Timing of Digital Circuits

Statistical Timing Analysis

Because of process variations and correlations the best-/worst-case approach will lead to very pessimistic analysis results and therefore to an immense gap between the performance predicted by EDA tools and the final silicon performance - industrial experience has shown that this gap can be up to 30% . A new timing analysis method which can reduce this gap is the so-called statistical analysis. In statistical analysis the gate delays and arrival times are represented by random variables which reflect the statistical variation of process parameters in silicon.

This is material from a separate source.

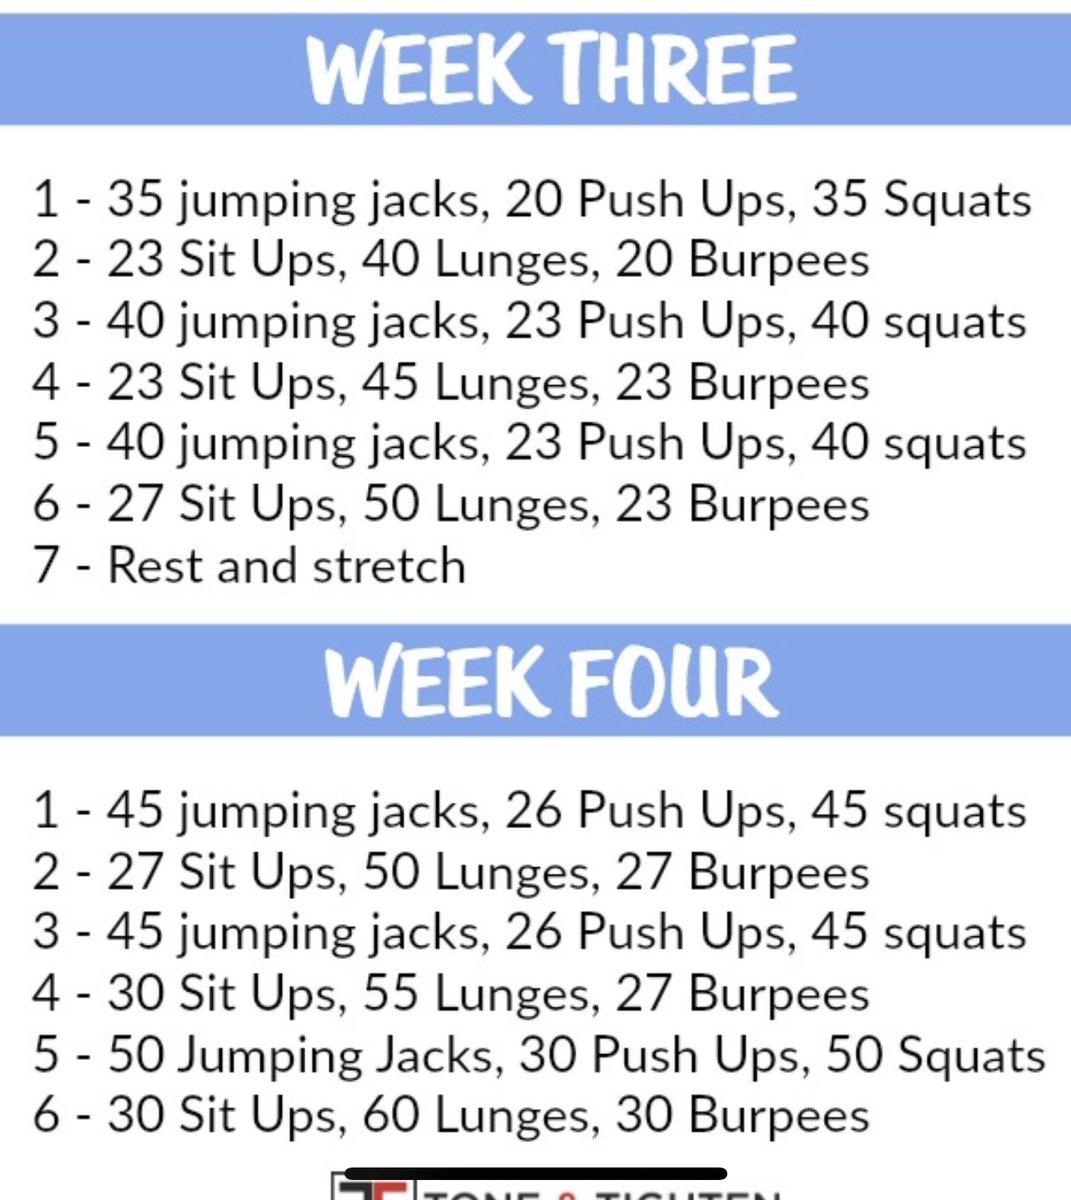 Looking to start exercising and don’t know where to begin? Check out this workout routine to get yourself started

#iup #khss #sportadmin #sportmgmt #sports #exercise #workout

Aging-Aware Timing Analysis

In statistical analysis a distribution is given for all process parameters (e.g. gate oxide thickness). In contrast to that in aging analysis you have a directed drift of transistor parameters (e.g. threshold voltage) which depends on stress factors (e.g. temperature, supply voltage, workload, ...) over lifetime. When you look at it in more detail the drift is also a distribution and not a deterministic value.

Basically, the aging analysis consists of the following two steps. First, the stress factors for the circuit have to be determined. Second, the aged circuit performances have to be calculated with the help of a gate model that incorporates the aged gate performances caused by aging effects.

Waveform-Aware Timing Analysis

Timing validation is a crucial part in the design closure of digital circuits. The huge number of instances demands for abstract signal and delay models. Usually, logic signals are modeled as linear ramps with arrival and transition times. Nonetheless, real signals do not look like this. They shoot beyond the logic levels, have long transition tails, and are corrupted by interfering noise or radiation impacts.

To account for the real shape of the waveform more accurate models are required. Current Source Models are such kind of new model and can handle arbitrary signals and loads. The research focuses on efficient methods of deriving the models and their application in waveform aware timing analysis.